Flaming Feather is a 1952 Technicolor Western film directed by Ray Enright and starring Sterling Hayden. The film was shot on location around Oak Creek Canyon near Sedona, Arizona, and at the Montezuma Castle National Monument near Sedona. The local Yavapai Indians, who were employed as extras on the production, refused to enter the cliff dwellings because they represented the "dwelling place of the dead." Consequently, production was delayed while a band of Navajos was brought in from a reservation 137 miles away to replace them.

Plot
A mysterious outlaw, known only as the Sidewinder (Victor Jory), is terrorizing Arizona settlers. A rancher whose property was raided, Tex McCloud (Hayden), and a U.S. Cavalry officer named Blaine (Forrest Tucker) both decide to seek justice. They even make a friendly wager over which one will get to the Sidewinder first.

A wealthy saloon entertainer, Carolina (Arleen Whelan), tries to persuade Tex to also go after Lucky Lee, a mine owner who owes her $20,000. She also tries to seduce Tex, but he is not interested.

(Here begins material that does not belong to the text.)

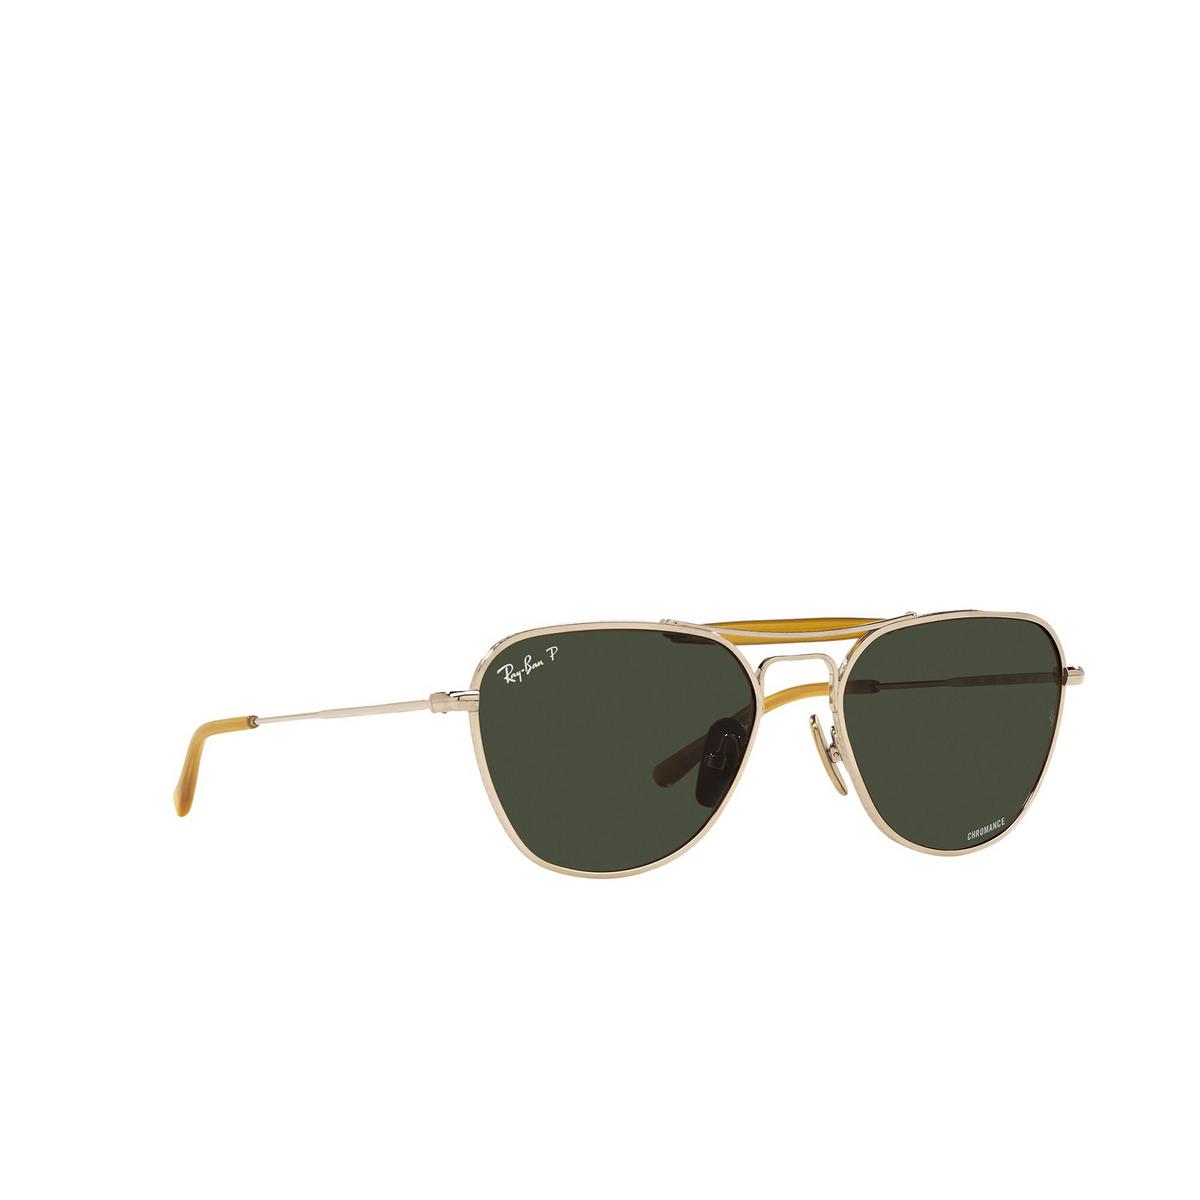 Ray-Ban® Irregular Sunglasses: RB8064 color Arista 9205P1 - three-quarters view.

After he changes hotel rooms with Lucky's longtime sweetheart, Nora Logan (Barbara Rush), an ambush is attempted by gambler Showdown Calhoun (Richard Arlen) and his partner, who come to the wrong room. Nora is the one they are after, and she becomes a kidnap victim on the stagecoach. For the second time, though, Tex rides to her rescue.

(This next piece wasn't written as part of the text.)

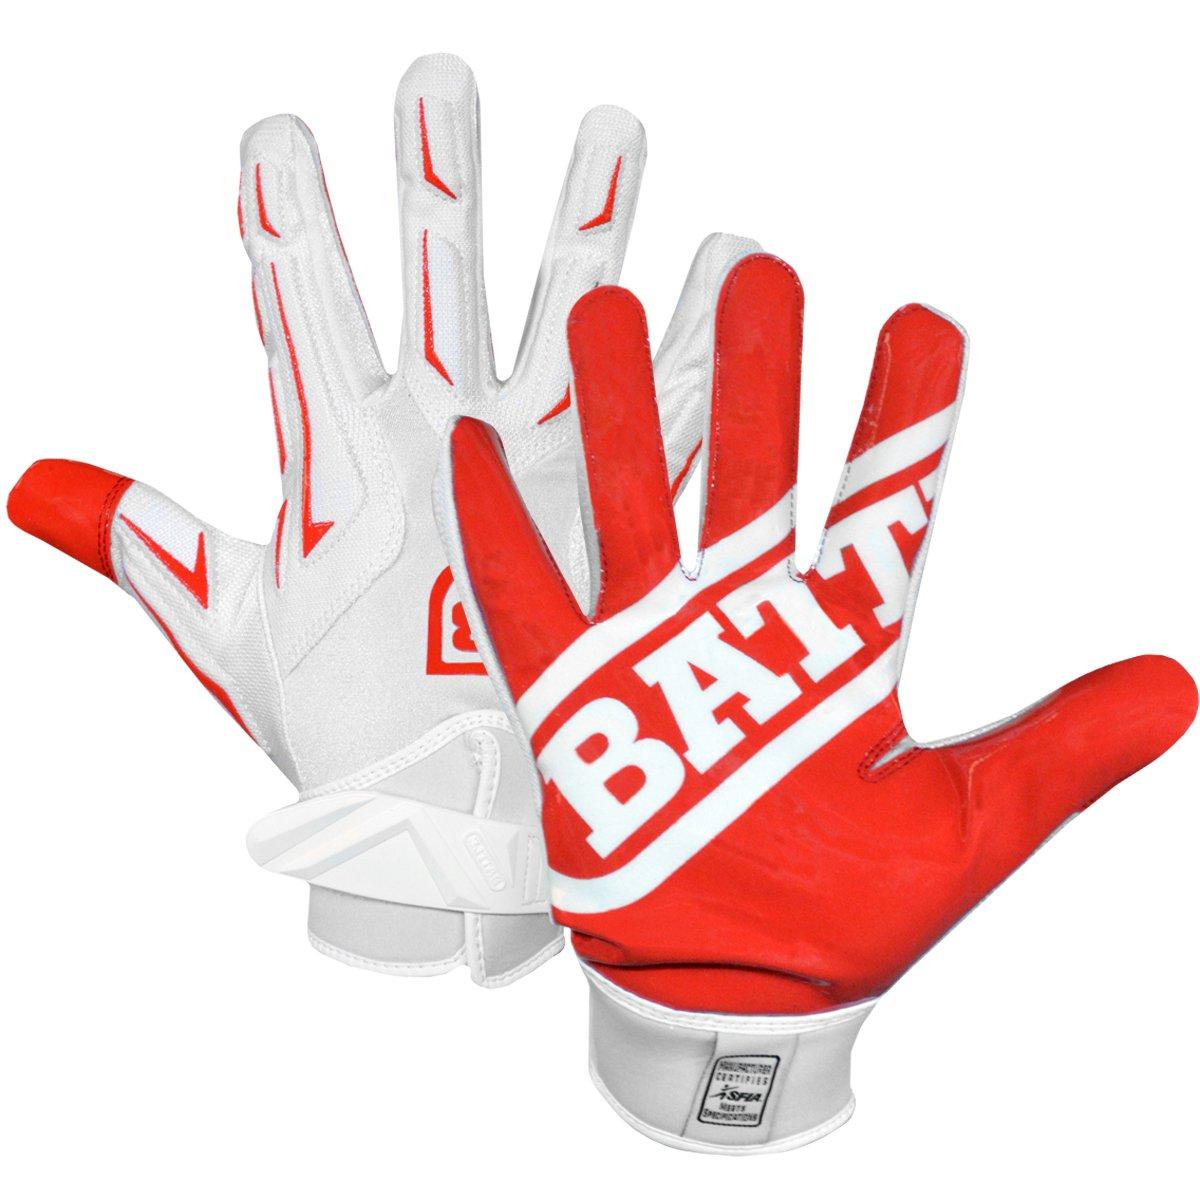 Battle Sports Hybrid Gloves - Red / White - Youth - XL

Nora explains that she is involved with Lucky only out of gratitude for one saving her from a similar assault. Lucky offers a theory that Tombstone Jack is the notorious Sidewinder, but after Carolina sneaks up on Tombstone and kills him, Tex and Blaine begin to suspect that Lucky is the man they are after. Turquoise (Carol Thurston), a Ute woman who loves Lucky, knows for a fact he is the outlaw.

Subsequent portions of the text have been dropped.